I'm not familiar enough with tuning (other than what I've gleaned here and there logically) to understand exactly what MAF calibration does or how to do it myself, but I'm trying to learn as a backup.
MAF tuning is actually really simple. On the 2.4 (and the 2.0 may be different), You scan the LTFTs (and later the STFTs) and record their average per the MAF htz (I think its htz) value just like the MAF tables are set up (there is a lo and hi table). So you may get something like -9 at 1200 htz which means at a MAF reading of 1200htz, the ECM is subtracting 9% of the amount of fuel for the value in the 1200 htz cell.

To fix this, you would multiply the 1200 htz cell of the table by -0.09 (HP Tuners allows you to multiply a cell by a %). By setting up your scan table identical to the corresponding MAF table you can do a copy/paste adjustment in seconds. You then repeat.

Next scan may show -4 in the 1200 htz cell next time.
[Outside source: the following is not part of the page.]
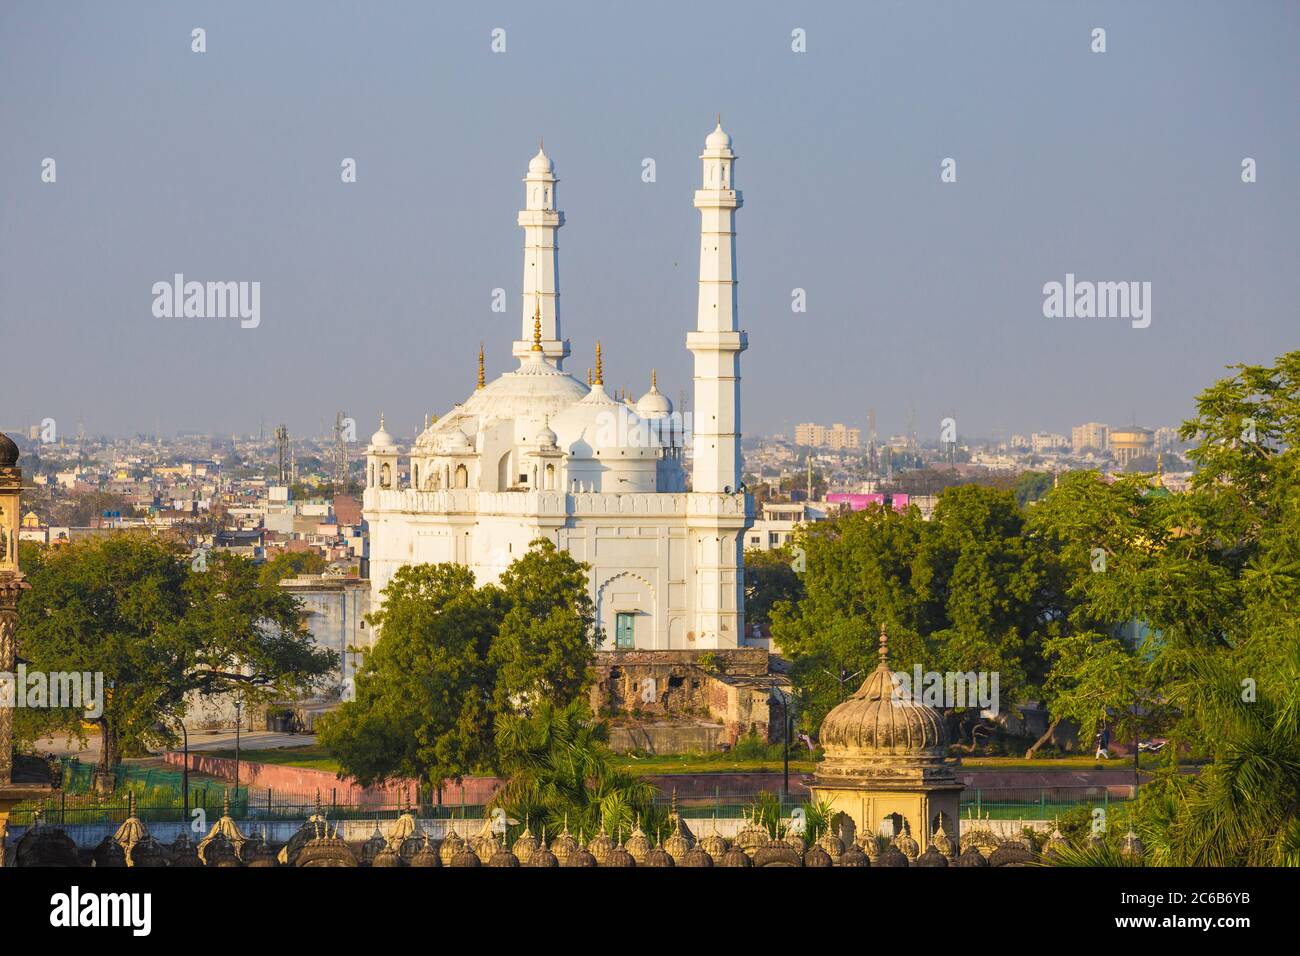 Blick auf die Teele Wali Moschee (Moschee auf dem Hügel), am Grab von Schah Peer Muhammad, Lucknow, Uttar Pradesh, Indien, Asien Stockfoto

We want close to 0 without going over so now we want to multiply by half the percent (HP Tuners has the option to paste by 1/2 %) so this time we multiply that value in the MAF table by -0.02. Save and repeat. +/- 3% is what we consider acceptable and my trims for the MAF cells at cruising speeds are at 0 to +/-0.1% on LTFTs and STFTs. In my open loop, LTFTs lock in around -4 due to my idle issues. The LNF does not enter open loop as it has a wide band O2 meqaning MAF tuning should be easier as you can check real time fuel trims at WOT. On the 2.4 I do a wide band reading vs target AFR over the high MAF table to calculate the % difference4 of the two to dial in the upper MAF.